The interrogator put to the side the tefillin purse. Presently, he sat over by a typewrite and was busy typing up some kind of letter.

-Ivanov! - he called - take this letter to the district prosecutor, at once.

Having waited till Ivanov left, the interrogator opened up a cell door and let David out. He said to him: "If you don't come back in two hours, I'll be in a big trouble".

David flagged down a cab and he was in a suite with his friends in twenty minutes.

-How much did you pay them? - the friends asked David.

He did not reply. Immediately, people were dispatched to the factory and the train station. There, they used the information obtained from David to fix all the paperwork necessary. The "hot" cargo turned "cool". David was back in his cell on time. The following morning he was set free and even received an apology. In one month, David returned to town, sought out the interrogator and brought him gifts: wine, cash and even some diamonds. However, the interrogater refused to accept any of them.

-You see, he said, I'm not clean. Sometimes I helped people out and took gifts for that, but this time round it was a whole different thing. I didn't do it just for you. I did it for a Jew, because you're Jewish. And now you should leave".
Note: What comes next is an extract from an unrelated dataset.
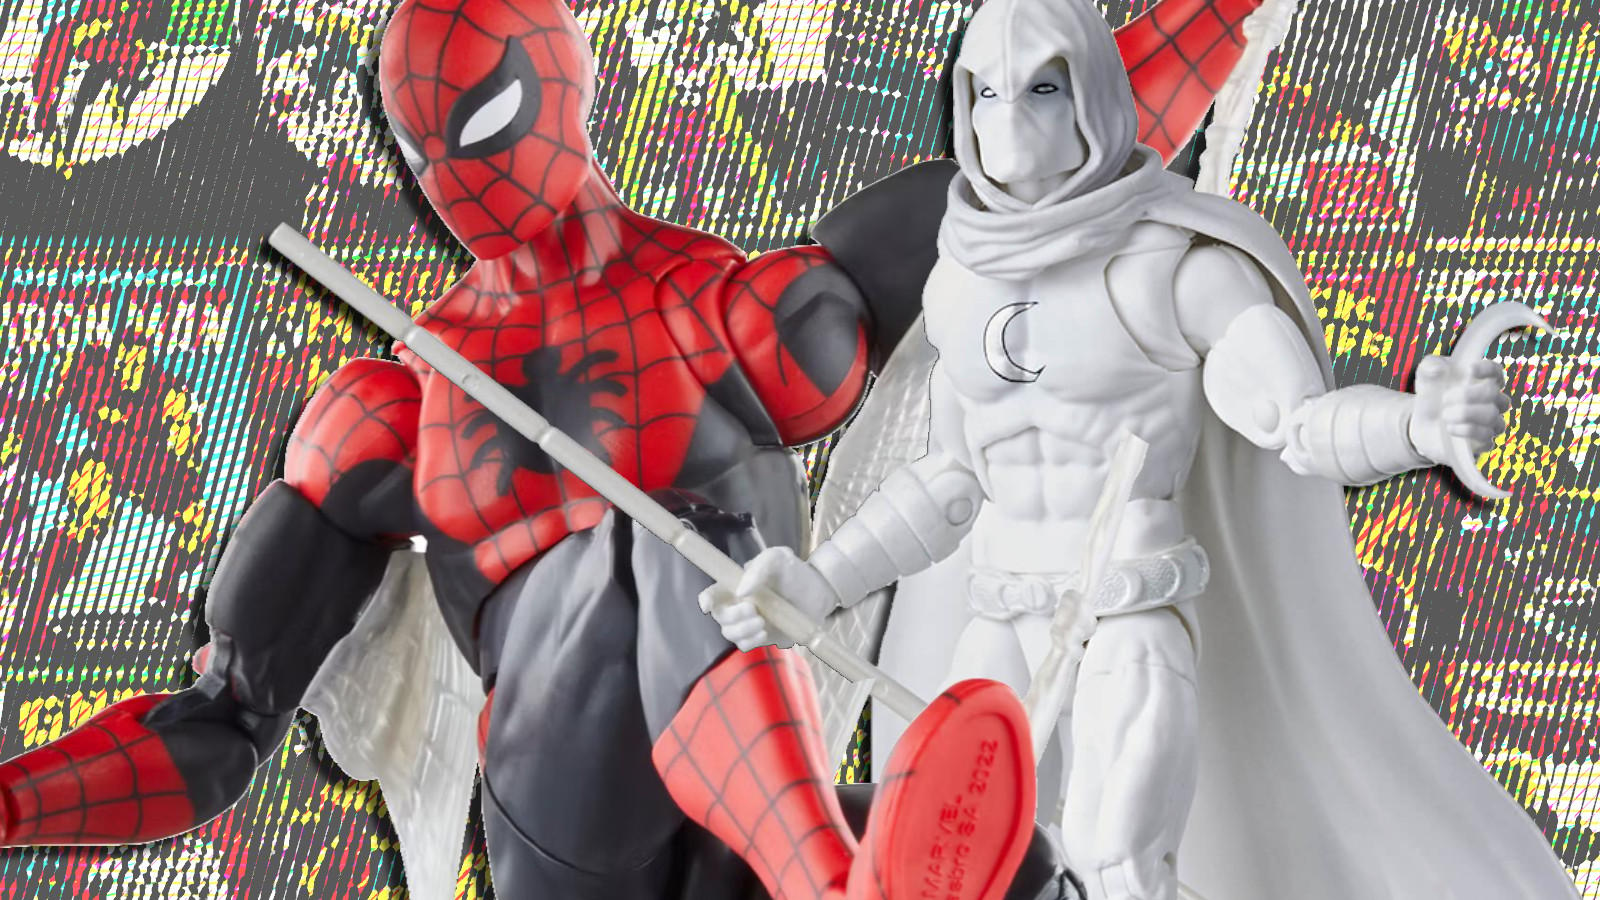 Moon Knight and Spider-Man Marvel Legends figures

Soon afterwards, David and his wife left for Israel. There, he would tell his friends this story pointing out: "Listen, still I don't get it why he never took the cash. Must be them Russian Jews real righteous men!".

I wish I could round up this story on a brighter note, that David's children or grand children are all learning in the Yeshiva, and are married to the interrogator's children and grand children, and that the wedding was joyful and all felt good and happy. But in real life things aren't that simple, and I don't know how everything ended up. Too bad I'm not a prophet and I can't finish this story with an exclamation: "The chief police interrogator, comrade Rabinovitch and David Adjiashvili have a share in the world to come".